1.1 First-Line Treatment of NSCLC with EGFRExon 20 Insertion Mutations

RYBREVANT is indicated in combination with carboplatin and pemetrexed for the first-line treatment of adult patients with locally advanced or metastatic non-small cell lung cancer (NSCLC) with epidermal growth factor receptor (EGFR) exon 20 insertion mutations, as detected by an FDA-approved test [see Dosage and Administration (2.2)] .

1.2 Previously Treated NSCLC with EGFRExon 20 Insertion Mutations

RYBREVANT is indicated as a single agent for the treatment of adult patients with locally advanced or metastatic NSCLC with EGFR exon 20 insertion mutations, as detected by an FDA-approved test [see Dosage and Administration (2.2)] , whose disease has progressed on or after platinum-based chemotherapy.

2.1 Important Dosage Information

• Administer premedications before each RYBREVANT infusion as recommended [see Dosage and Administration (2.5)].
• Administer diluted RYBREVANT intravenously according to the infusion rates in Tables 7 and 8, with the initial dose as a split infusion on Week 1 on Day 1 and Day 2 [see Dosage and Administration (2.8)].
• Administer RYBREVANT via peripheral line for Week 1 Day 1 and 2 and Week 2 to reduce the risk of infusion-related reactions [see Dosage and Administration 2.8].
• When administering RYBREVANT in combination with carboplatin and pemetrexed, infuse pemetrexed first, carboplatin second, and RYBREVANT last [see Dosage and Administration 2.8].

2.2 Patient Selection

Select patients for treatment with RYBREVANT based on the presence of EGFR exon 20 insertion mutations in tumor or plasma specimens [see Clinical Studies (14)]. If no mutation is detected in a plasma specimen, test tumor tissue. Information on FDA-approved tests is available at: http://www.fda.gov/CompanionDiagnostics.

2.3 Recommended Dosage of RYBREVANT for First-line Treatment of NSCLC with Exon 20 Insertion Mutations (RYBREVANT in Combination with Carboplatin and Pemetrexed)

The recommended dosages of RYBREVANT, administered in combination with carboplatin and pemetrexed, based on baseline body weight are provided in Table 1.

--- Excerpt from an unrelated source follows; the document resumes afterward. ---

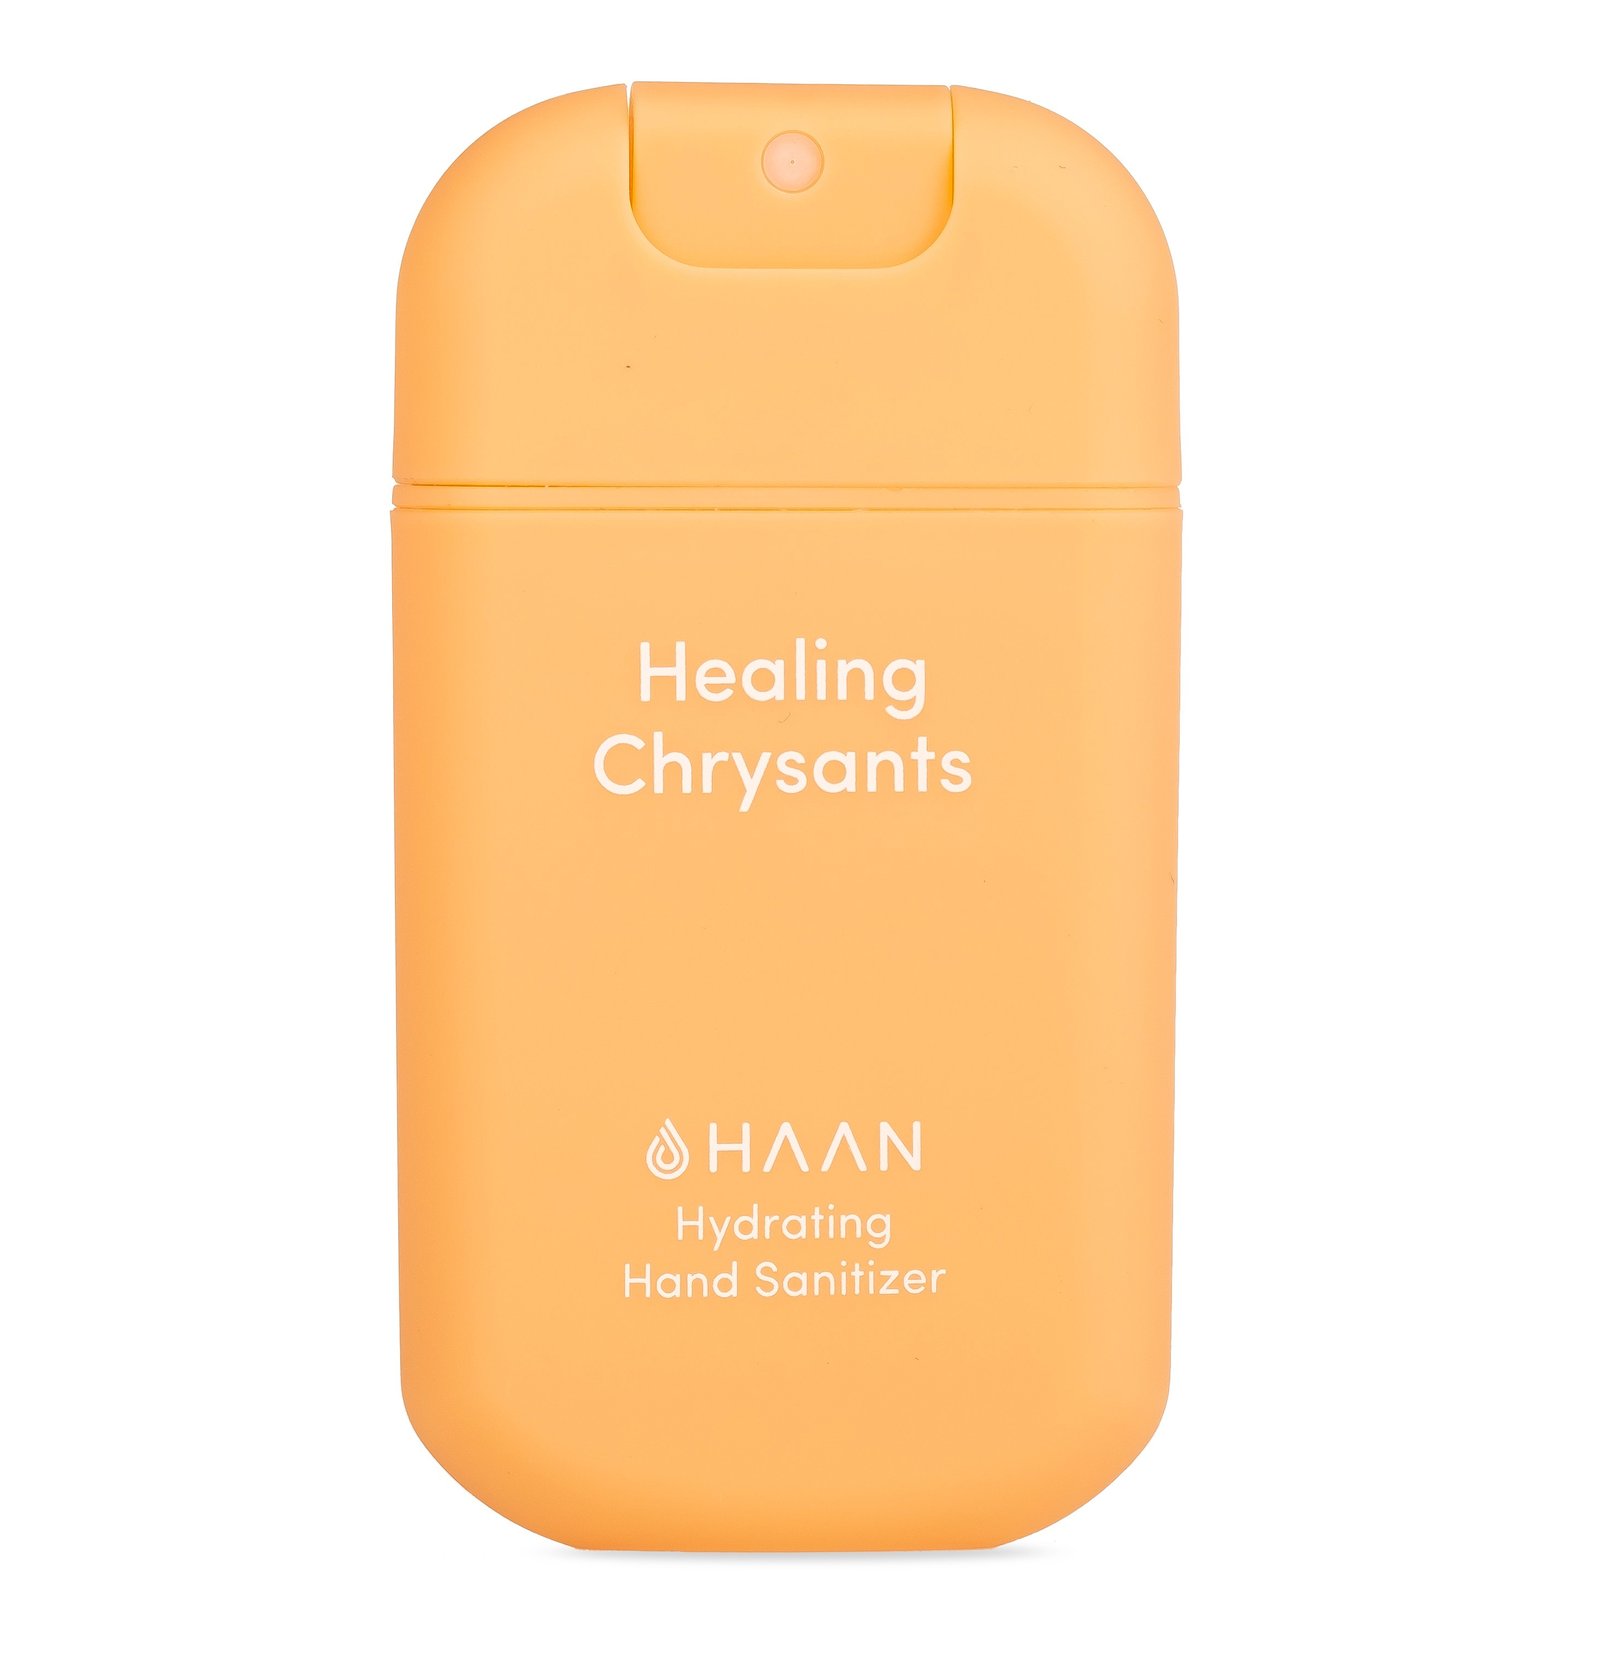 HAAN Healing Chrysants Hydrating Pocket Hand Sanitizer 30 ml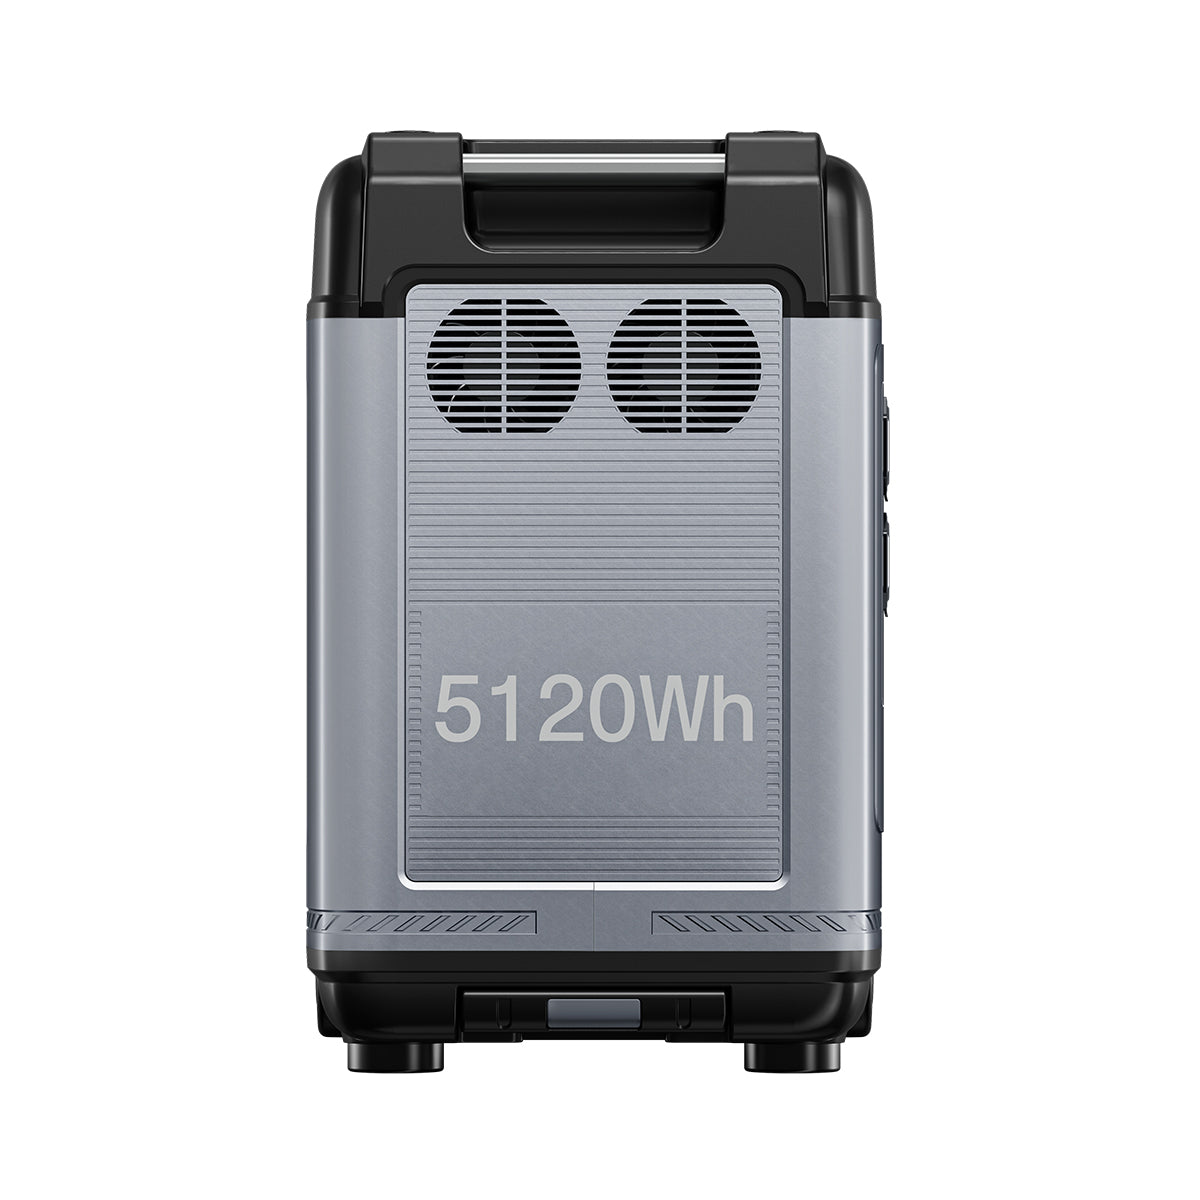 OUKITEL P5000 Home Battery Backup

The recommended order of administration and regimen for RYBREVANT in combination with carboplatin and pemetrexed is provided in Table 2.

2.4 Recommended Dosage of RYBREVANT for Patients with Previously Treated NSCLC with Exon 20 Insertion Mutations (RYBREVANT as a Single Agent)

The recommended dosages of RYBREVANT as a single agent, based on baseline body weight, are provided in Table 3.

Administer RYBREVANT until disease progression or unacceptable toxicity.

2.5 Recommended Premedications

Prior to the initial infusion of RYBREVANT (Week 1, Day 1 and 2), administer premedication as described in Table 4 to reduce the risk of infusion-related reactions [see Warnings and Precautions (5.1)].

Glucocorticoid administration is required for Week 1, Day 1 and 2 dose only and upon re-initiation after prolonged dose interruptions, then as necessary for subsequent infusions (see Table 4). Administer both antihistamine and antipyretic prior to all infusions.

2.6 Dosage Modifications for Adverse Reactions

The recommended dose reductions for adverse reactions for RYBREVANT are listed in Table 5.

The recommended dosage modifications and management for adverse reactions for RYBREVANT are provided in Table 6.

2.7 Preparation

Dilute and prepare RYBREVANT for intravenous infusion before administration.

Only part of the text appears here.